Like every flamegraph-rendering function in clj-async-profiler,
generate-diffraph
supports the same options, for example, :transform
(see
previous post for details).
Stack post-processing with :transform
is even more useful for diffgraphs,
since modifications to code may change the parent frames causing the non-changed
children frames to misalign. With post-processing, you can hack around that.
Lastly, the numbers 1 and 2 we pass to generate-diffgraph
are the profiler run
IDs. Each consecutive run is assigned an increasing ID, and you can now provide
that to generate-diffgraph
and generate-flamegraph
instead of the full path
to a stacks .txt file.
Clj-async-profiler has a function called serve-files
which starts an HTTP
server on the given port and lists all generated flamegraphs as clickable links.

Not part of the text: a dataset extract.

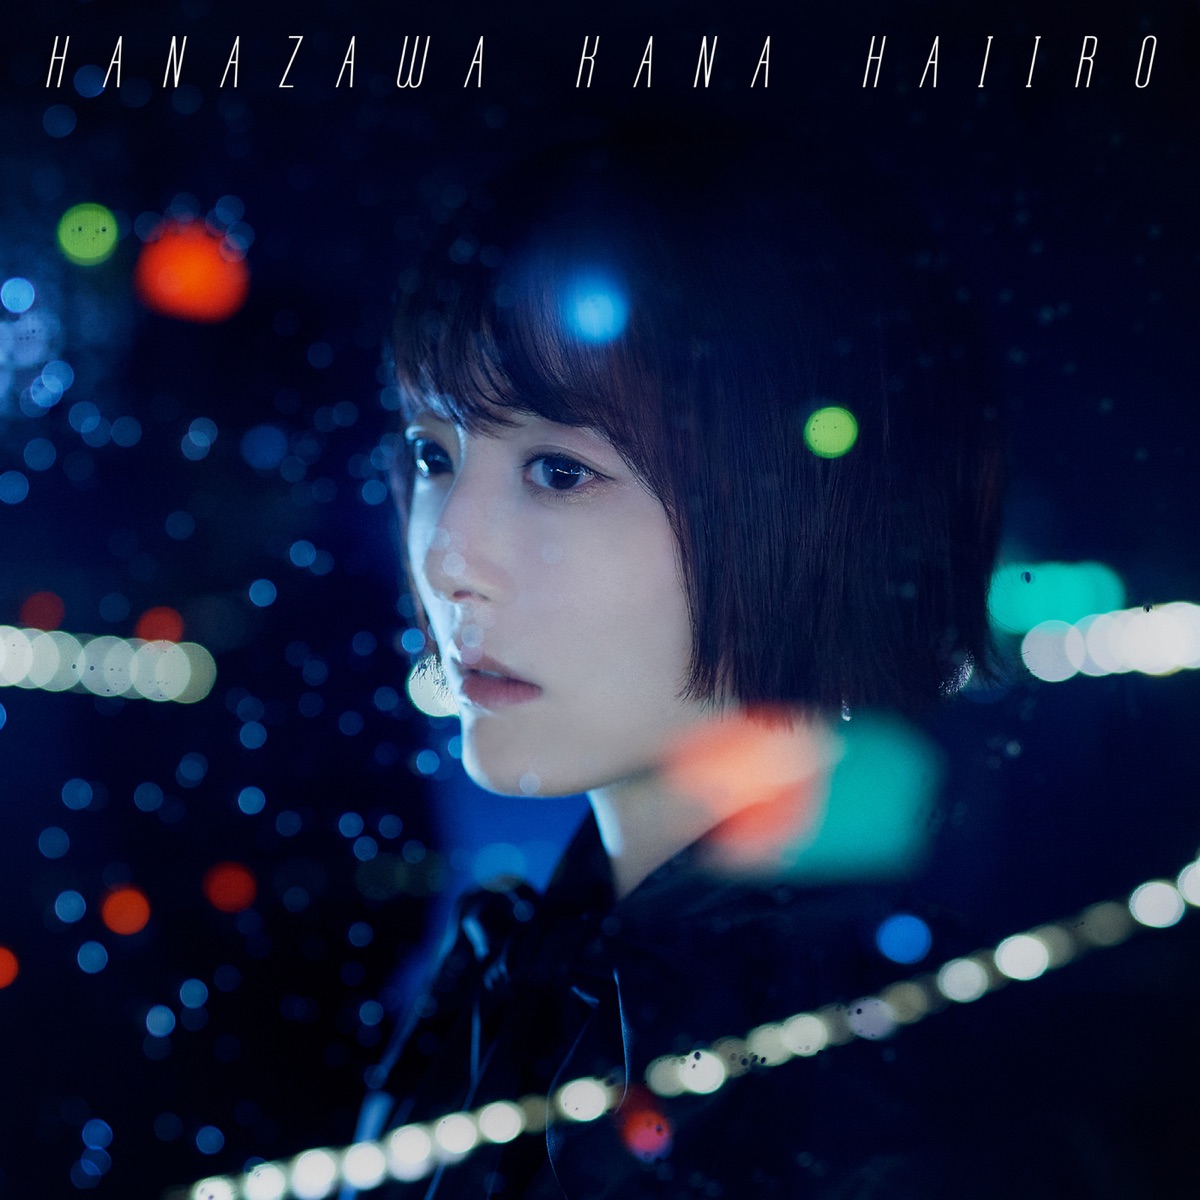 Cover art for『Kana Hanazawa - Haiiro』from the release『Haiiro』

This function is especially useful if you profile an application running on a
remote server since you can't just open
file:///tmp/clj-async-profiler/results/
there.
In version 0.4.0, this simplistic web UI got a minor facelift. The number of
samples is now displayed next to each flamegraph (so that you can promptly see
if you've collected enough). File names include the run ID (which can be passed
to generate-*
functions) and the type of the profiled event.
A new addition is the ability to start and stop the profiler right from the UI. Of course, you can't provide most configuration options here, only the event type; so you'll have to resort to the REPL for finer tuning. Yet, in some cases, especially on a remote machine, it might be convenient to quickly generate a profile and immediately view it without leaving the browser.
For those who are worried about pulling surplus dependencies (and rightfully so) — the web UI in clj-async-profiler uses only core Java classes and renders HTML by mashing strings together, so you won't get any redundant JARs with this.
Because clj-async-profiler shamelessly piggybacks on async-profiler, we get effortless access to all the improvements in the parent library. Things that may possibly be implemented in the future include support for continuous profiling, distinct rendering of inlined frames, new profilable events, and so on. You can be sure you'll be the first to know when these and other features arrive, and until then, stay fast!